Institut des Systèmes Intelligents et de Robotique, Sorbonne Université, CNRS, F-75005, Paris, France.
CNRS, Institut de Neurosciences Cognitives et Intégratives d'Aquitaine (INCIA, UMR 5287), Bordeaux, France.
Sci Rep. 2019 May 1;9(1):6770. doi: 10.1038/s41598-019-43245-z.

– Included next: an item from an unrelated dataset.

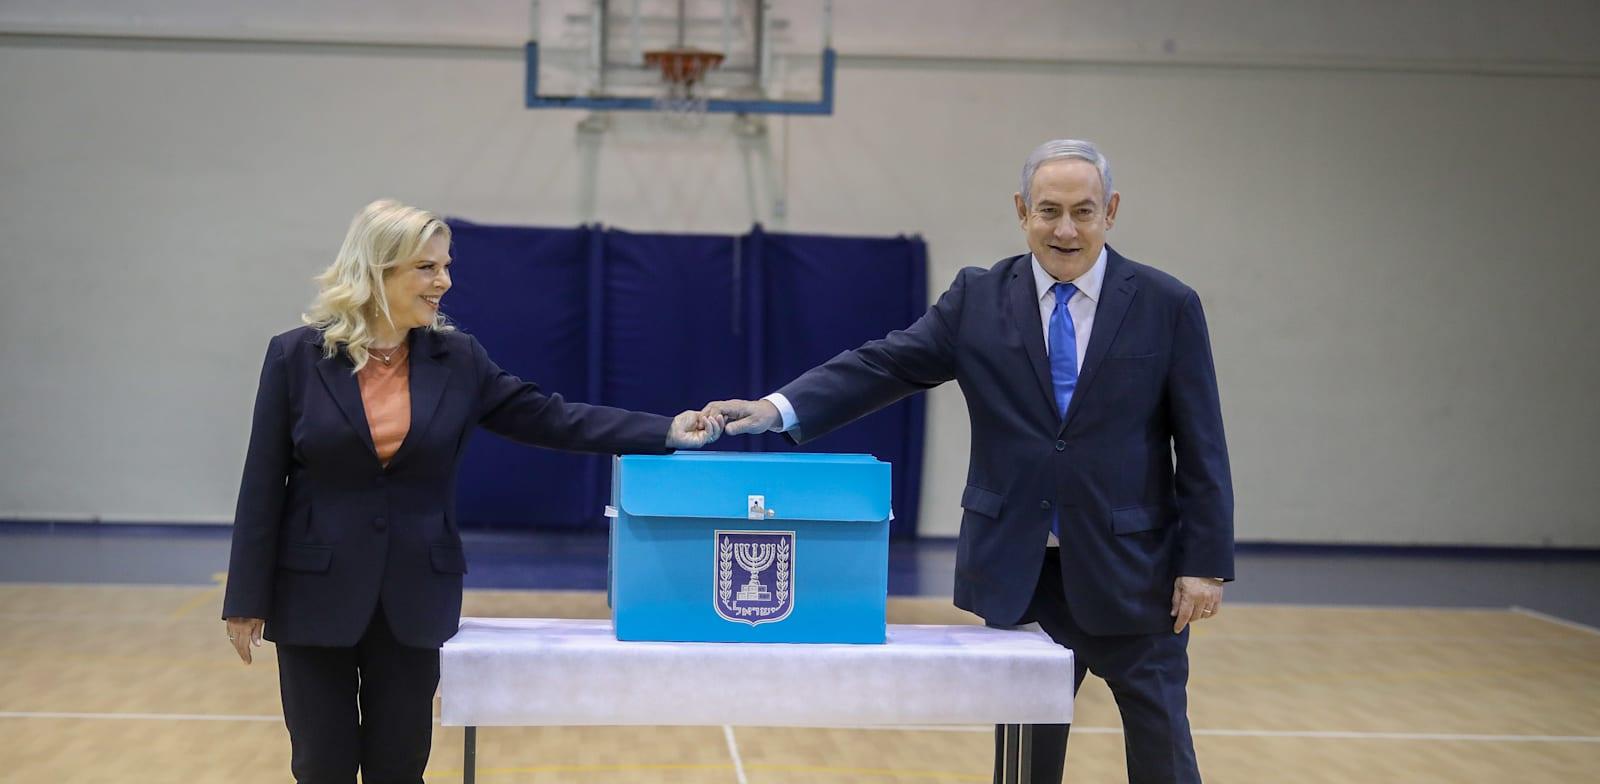 """בנימין ושרה נתניהו מצביעים בקלפי ביום הבחירות / צילום: מארק ישראל סלם, """"ג'רוזלם פוסט"""""""

In a volatile environment where rewards are uncertain, successful performance requires a delicate balance between exploitation of the best option and exploration of alternative choices. It has theoretically been proposed that dopamine contributes to the control of this exploration-exploitation trade-off, specifically that the higher the level of tonic dopamine, the more exploitation is favored. We demonstrate here that there is a formal relationship between the rescaling of dopamine positive reward prediction errors and the exploration-exploitation trade-off in simple non-stationary multi-armed bandit tasks. We further show in rats performing such a task that systemically antagonizing dopamine receptors greatly increases the number of random choices without affecting learning capacities. Simulations and comparison of a set of different computational models (an extended Q-learning model, a directed exploration model, and a meta-learning model) fitted on each individual confirm that, independently of the model, decreasing dopaminergic activity does not affect learning rate but is equivalent to an increase in random exploration rate. This study shows that dopamine could adapt the exploration-exploitation trade-off in decision-making when facing changing environmental contingencies.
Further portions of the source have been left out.